Volume, velocity, veracity, and variety
What does volume refer to in terms of big data?
The size of the data being processed
For example, YouTube processes 72 hours of video uploads every minute
What are the challenges associated with the volume of big data?
- Big data takes a lot of storage
- It is computationally expensive to access and process a large amount of data
- As volume increases, performance decreases, and costs increase
What does variety refer to in terms of big data?
Refers to the complexity of the data. It can come in many different forms with varying levels of structure
What are issues associated with the variety of big data?

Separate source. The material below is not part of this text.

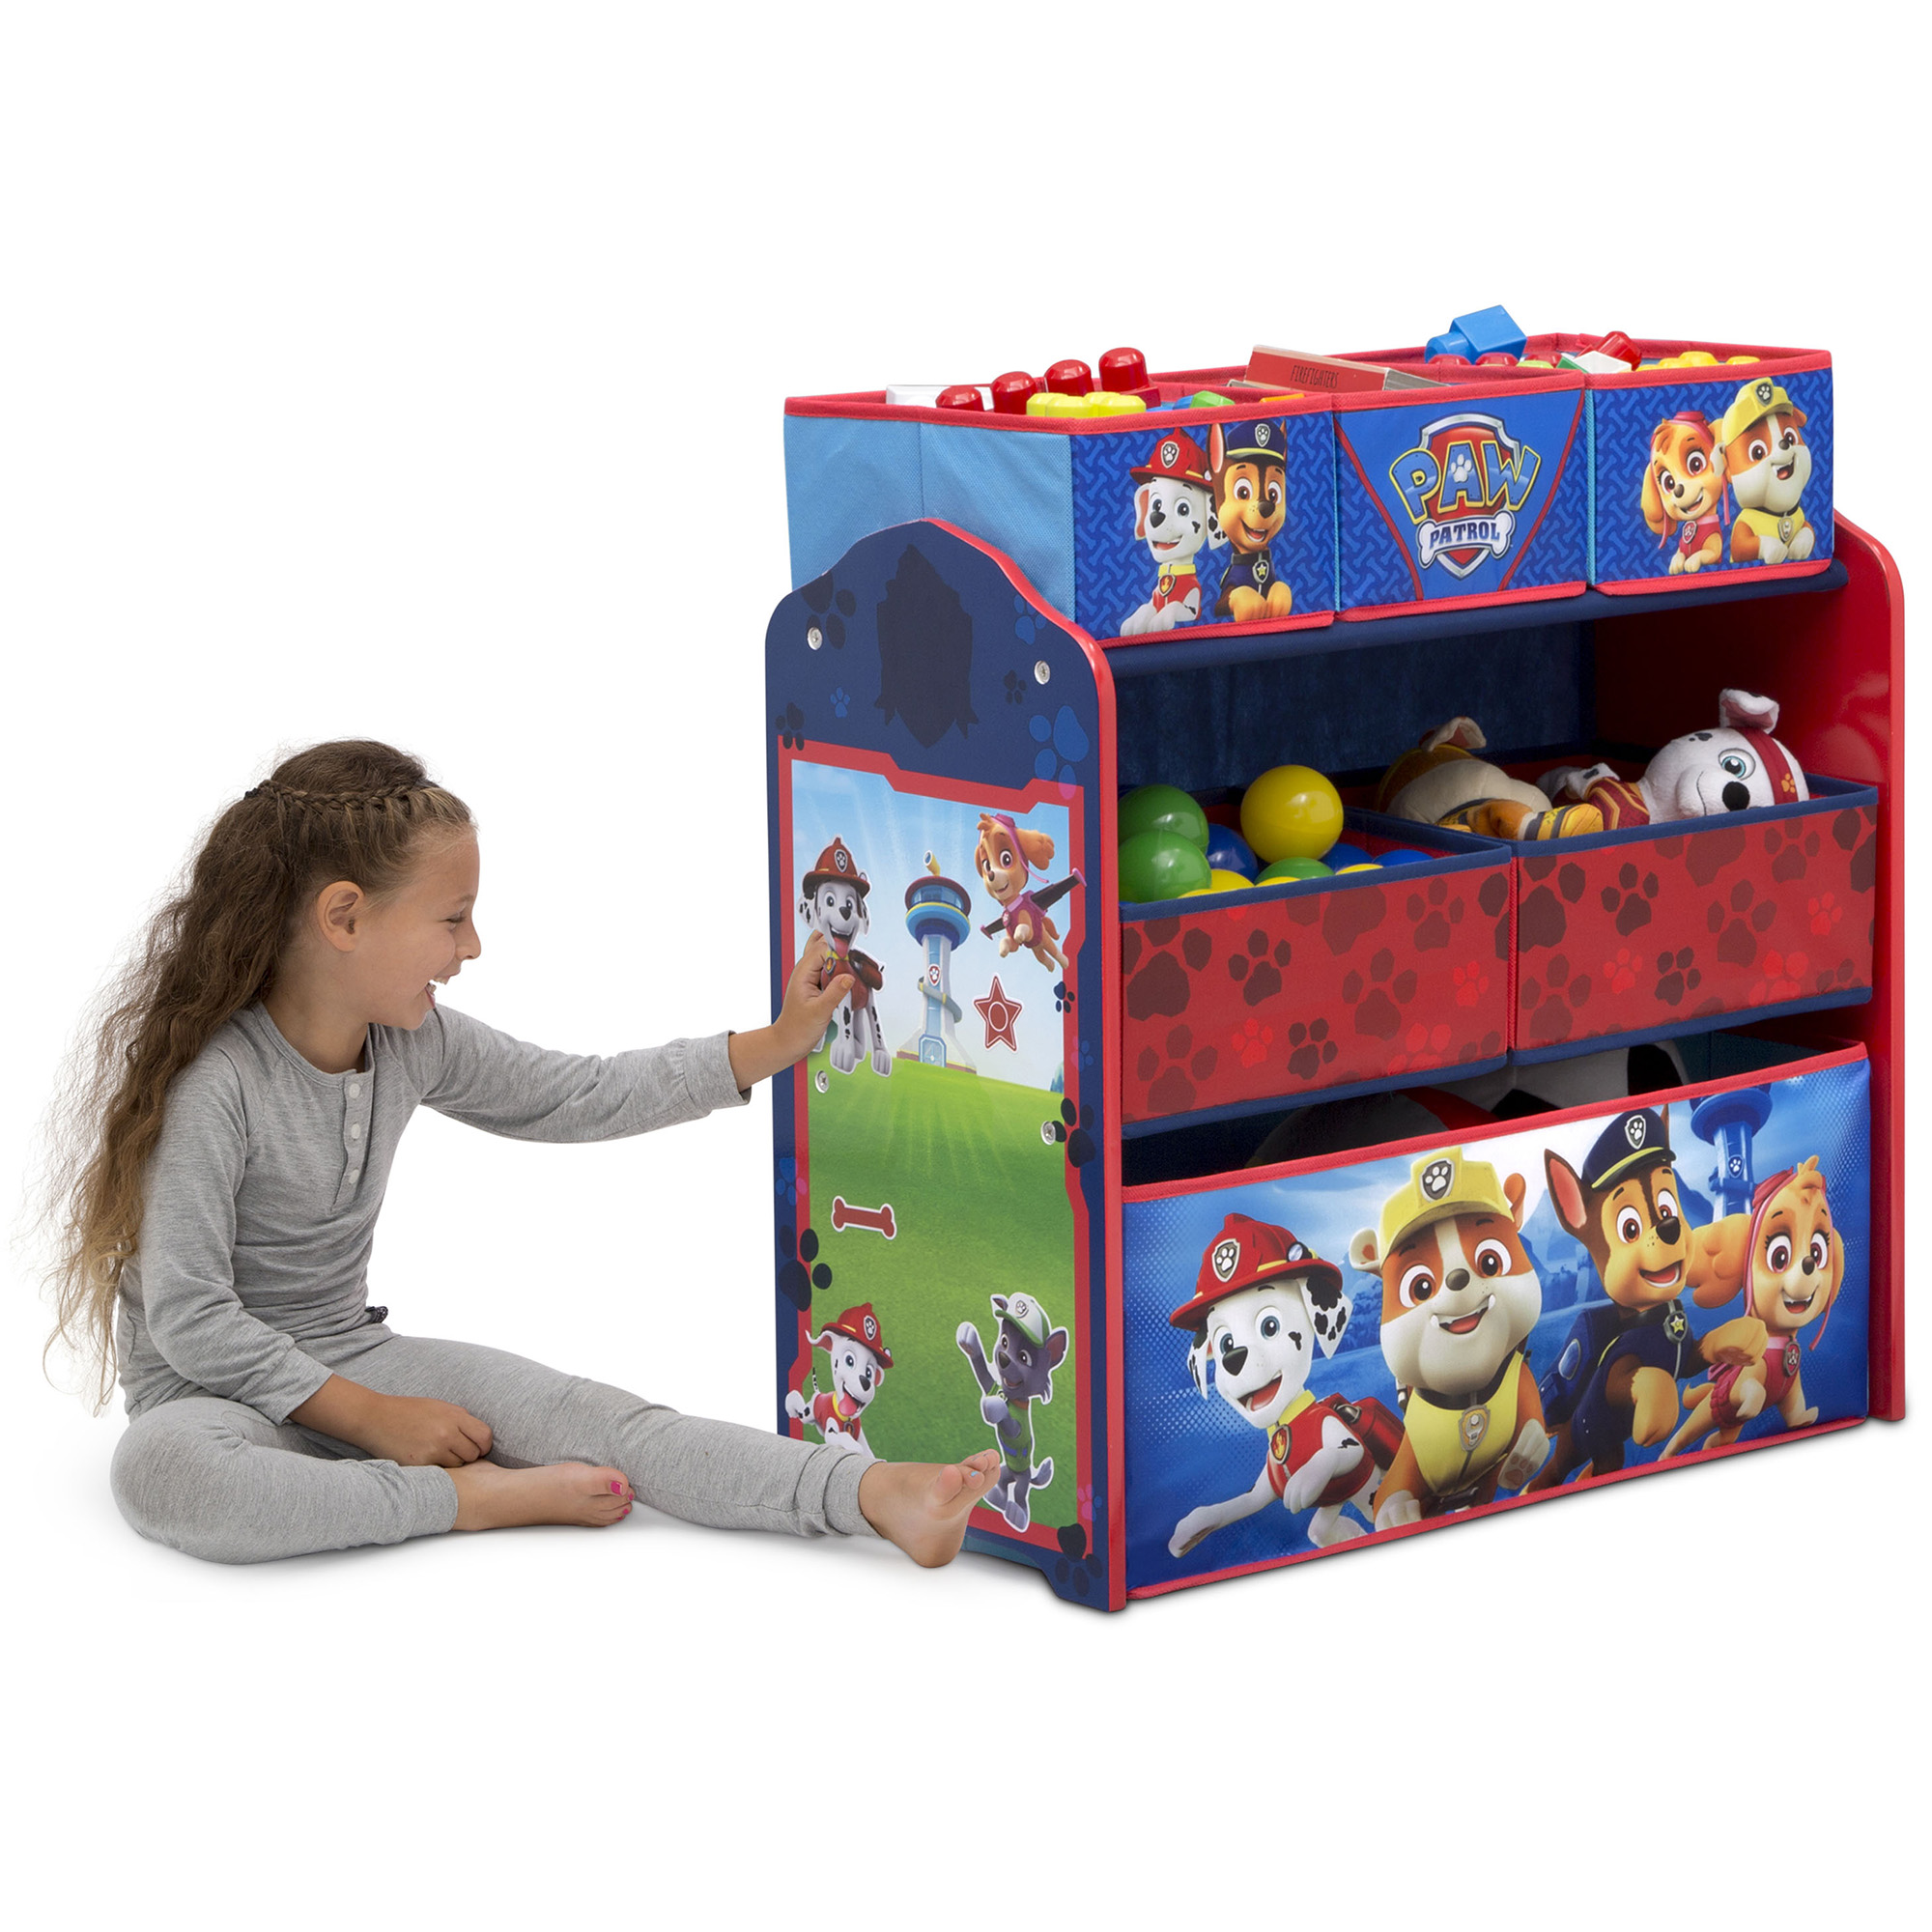 Nick Jr. PAW Patrol 4-Piece Room-in-a-Box Bedroom Set by Delta Children - Includes Sleep & Play Toddler Bed, 6 Bin Design & Store Toy Organizer and Desk with Chair - image 4 of 14

- It is harder to ingest a variety of data
- More difficult to create common storage
- Difficult to compare and match data
- Difficult to integrate
What does velocity refer to in terms of big data?
The speed at which data is created, stored, and analyzed. The amount of data per time
Why is it important that we use real-time processing to keep up with the velocity of big data?
Real-time processing reduces the risk of missing opportunities due to moving slowly. The faster we can act on data insights, the better results we can get
What does veracity refer to in terms of big data?
It is the quality of the data including its validity and volatility. Also includes reliability of the data source
What are the 5 steps of the data science process?
Acquire, prepare, analyze, report, act
What is included in the acquire data step of the data science process?
- Identify data sets
- Identify suitable data
- Retrieve data
- Query data
Exact process can vary depending on structure and source of data
What are the 2 parts of the prepare step of the data science process?
A. Explore data
B. Pre-process data
What is included in the explore data step of the data science process?
- Perform preliminary analysis to understand nature of the data.
- Get correlations, general trends, and outliers
What is included in the pre-process data step of the data science process?
- Clean the data from inconsistent values, missing values, etc
- Dimensionality reduction through removing and combining features
- Scaling values
- Packaging data to prepare for analysis. Important because garbage in-garbage out
What is included in the analyze data step of the data science process?
Select analytical techniques and build models and run the models on the data set to achieve output
What are some common analysis techniques?
- Classification
- Clustering
- Regression
- Association Analysis
- Graph Analytics